No modern day president made his Evangelical Christianity more of a campaign issue than Jimmy Carter. He even used that controversial phrase, born again.  But Carter was the worst president we ever had…until Obama came along.

Bible beliefs are important but we still need to be a bit savvy when entering the political arena. In that regard, Romney’s Mormonism is much ado about nothing. If Romney gets the nomination, please don’t punish him for being Mormon by putting Obama back into office. It’s not worth it.  Who do you want, after all, a man who might possibly believe he’ll become a god someday or our current president who seems to think he’s a god already?

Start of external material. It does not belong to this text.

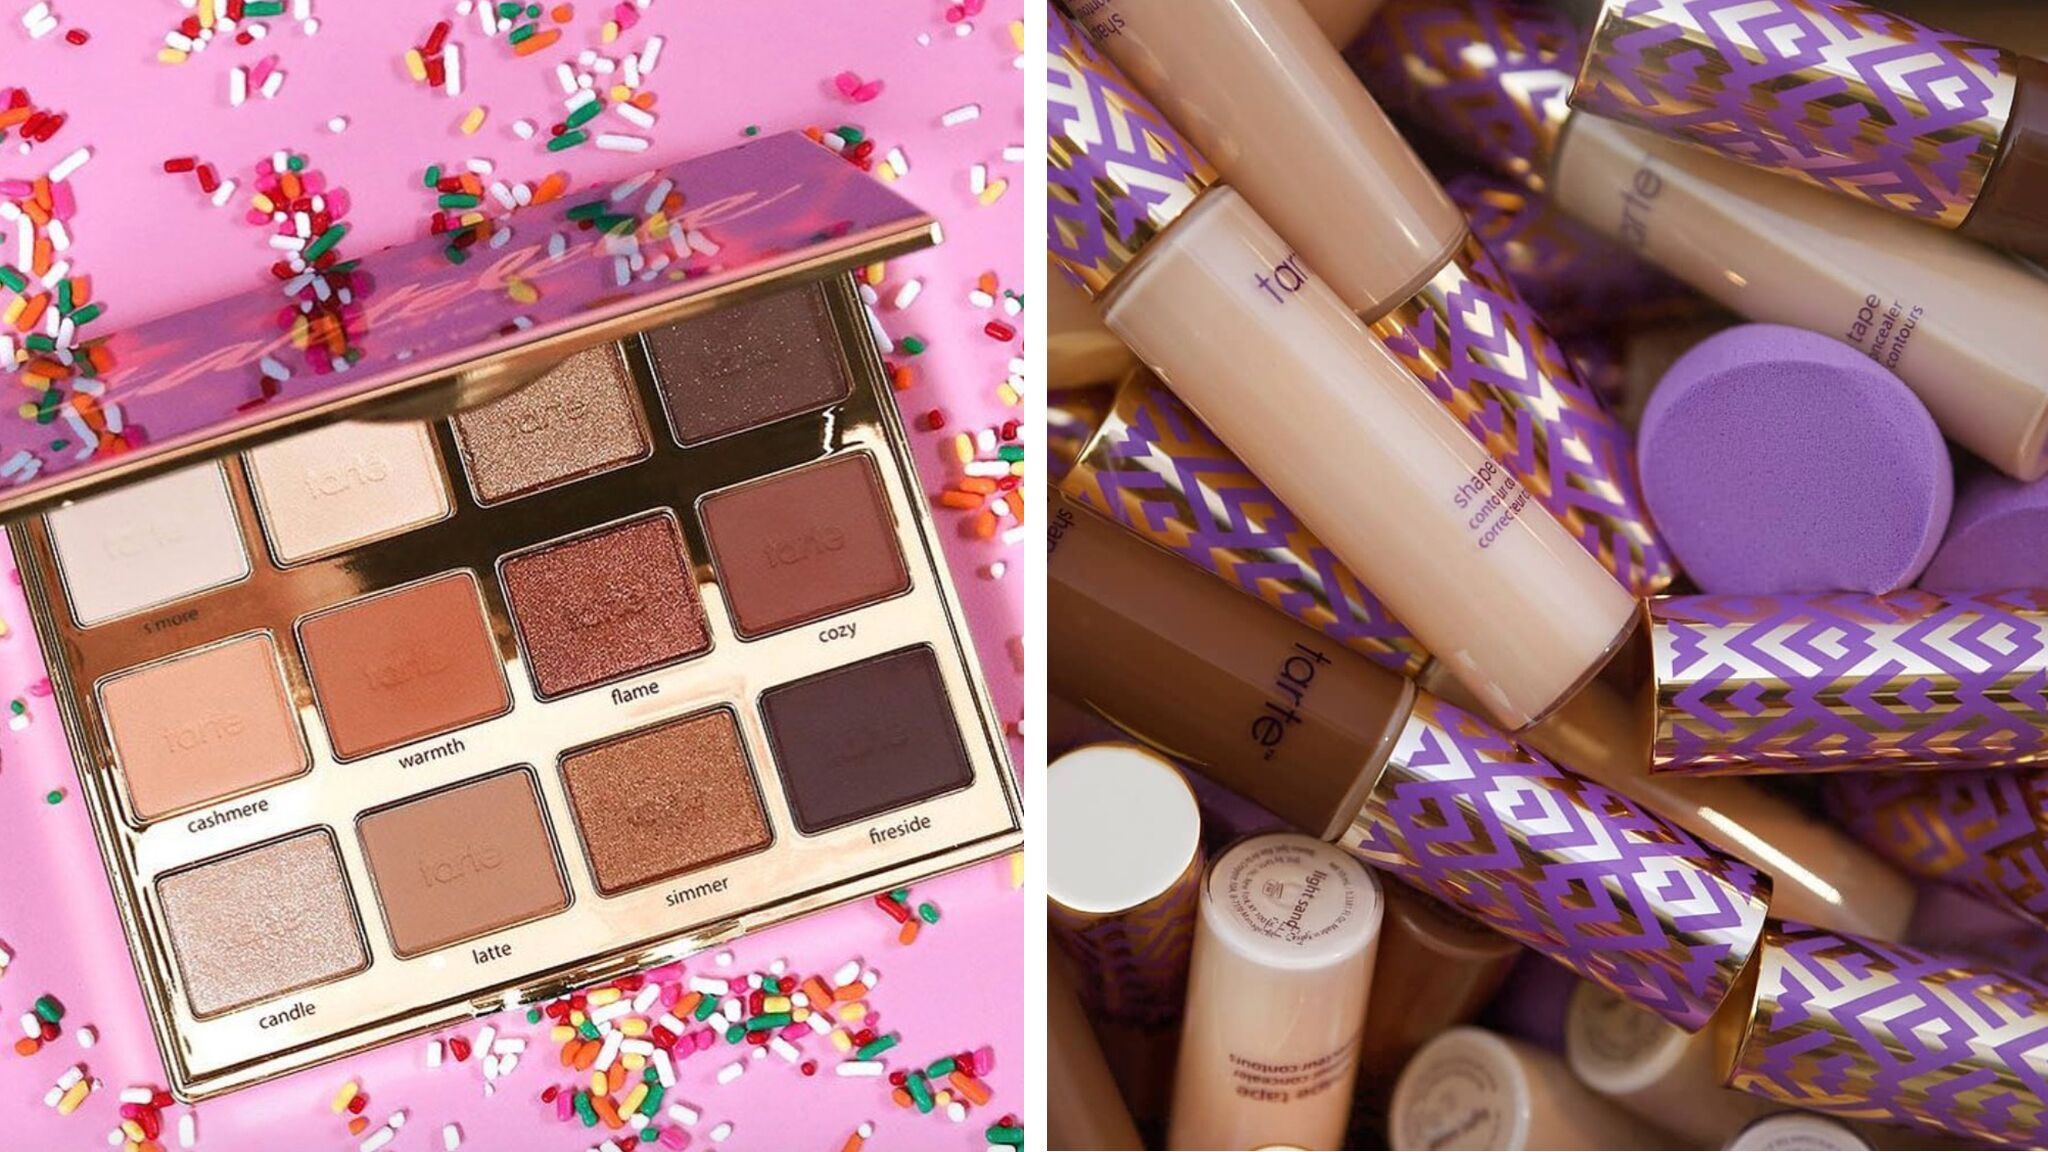 Tarte Cosmetics débarque enfin en France – quels sont les produits à acheter en priorité ? - Voici

Bob Siegel is a weekend radio talk show host on KCBQ and columnist. Details of his show can be found at  

Many comments to posts are discussed by Bob over the air where anyone is free to call in and respond/debate. Call in toll free number: 1-888-344-1170. Read more Forbidden Table Talk in The Washington Times Communities.





1) Scripture taken from THE HOLY BIBLE
New International Version  NIV
Copyright ©  1973, 1979, 1984 by International Bible Society
Used by permission of Zondervan Publishing House.
All rights reserved.



2) There has been some dispute amongst Mormons about the King Follet Sermon as recollected through notes of those in attendance but the church’s fifth president, Lorenzo Snow, offered a kind of summary:

“As man now is, God once was:
As God now is, man may be”

In 1950, the sermon made its way into a revised edition of The History of the Church.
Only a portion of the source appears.